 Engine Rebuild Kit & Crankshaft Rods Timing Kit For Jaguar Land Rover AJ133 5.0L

++++++++++++++++++++

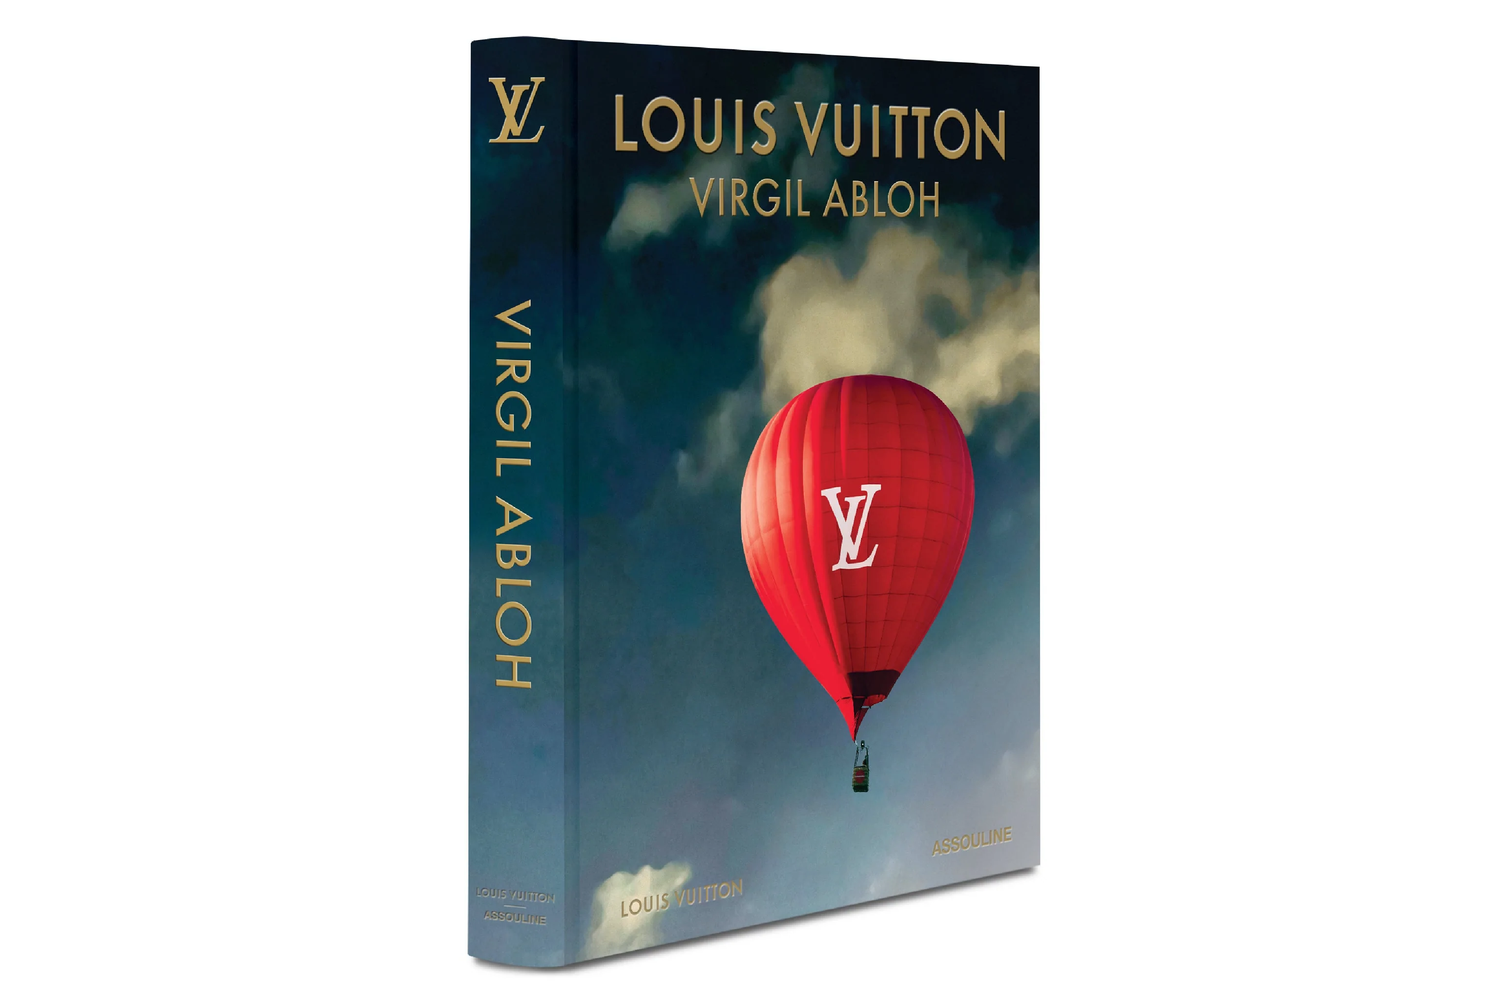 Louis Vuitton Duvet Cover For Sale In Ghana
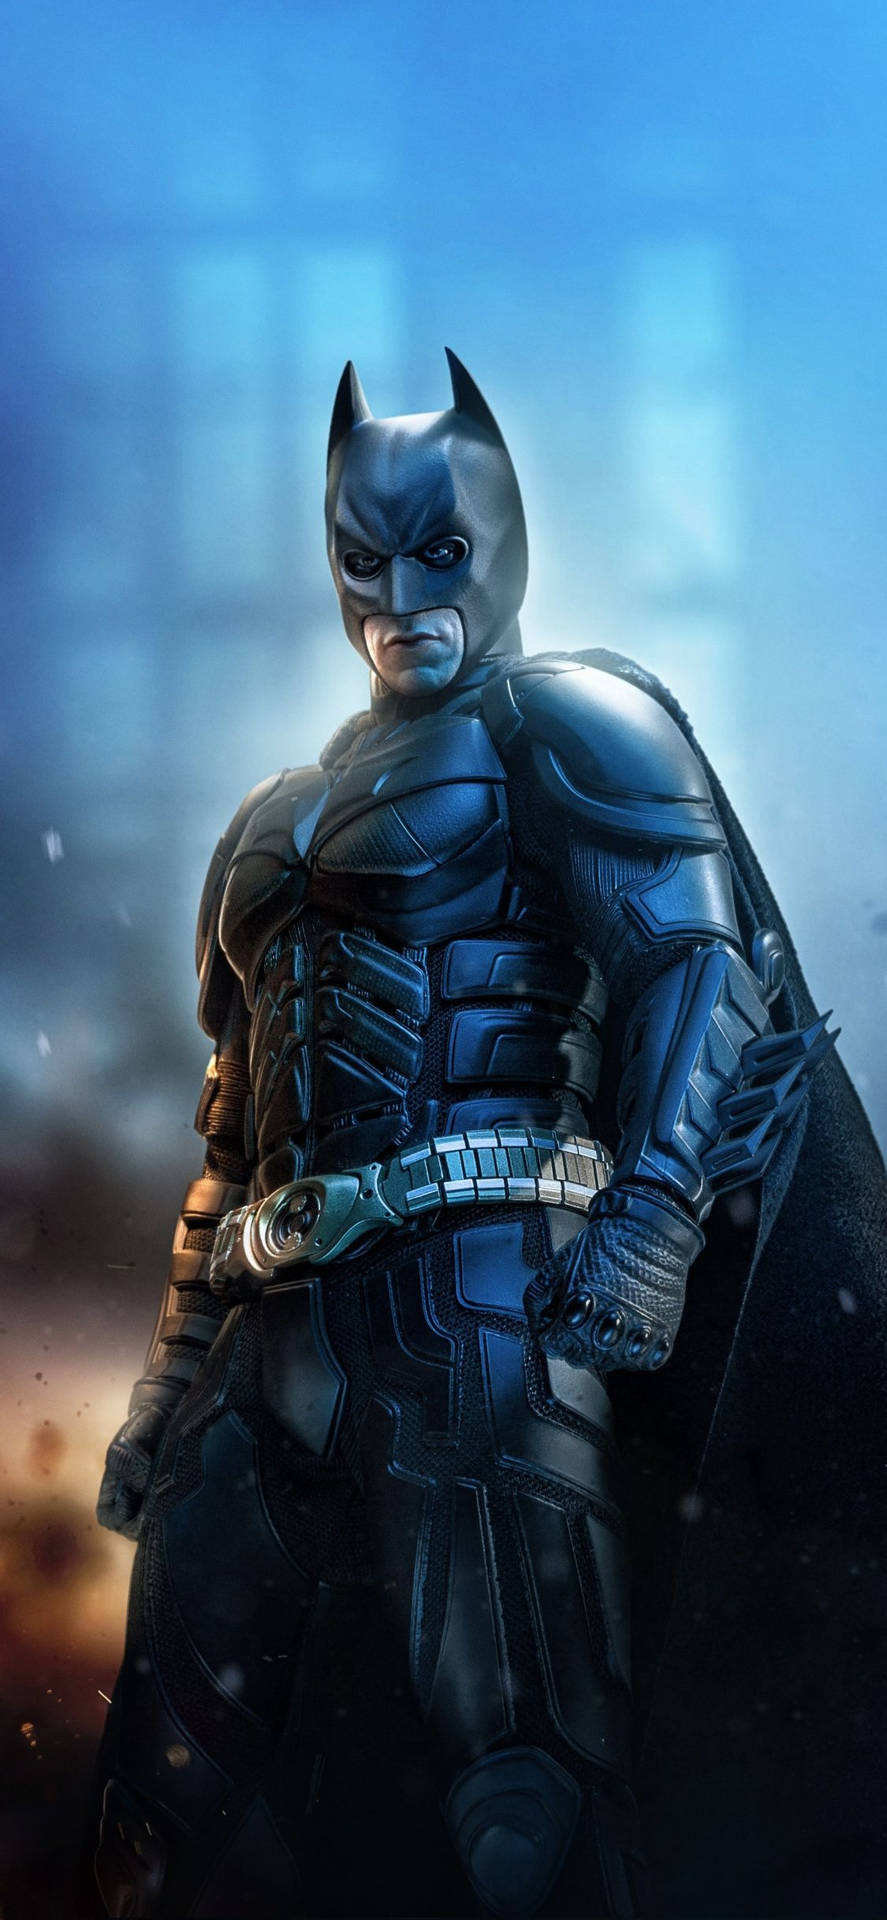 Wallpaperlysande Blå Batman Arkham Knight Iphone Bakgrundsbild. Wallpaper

++++++++++++++++++++

▶ _Task details_
Look above for the line with "Louis Vuitton Duvet Cover For Sale In Ghana" and the line with "Wallpaperlysande Blå Batman", then restate exactly those two lines and all lines between them, with no pictures.

▶ _Answer for the task_
 Louis Vuitton Duvet Cover For Sale In Ghana
 Wallpaperlysande Blå Batman Arkham Knight Iphone Bakgrundsbild. Wallpaper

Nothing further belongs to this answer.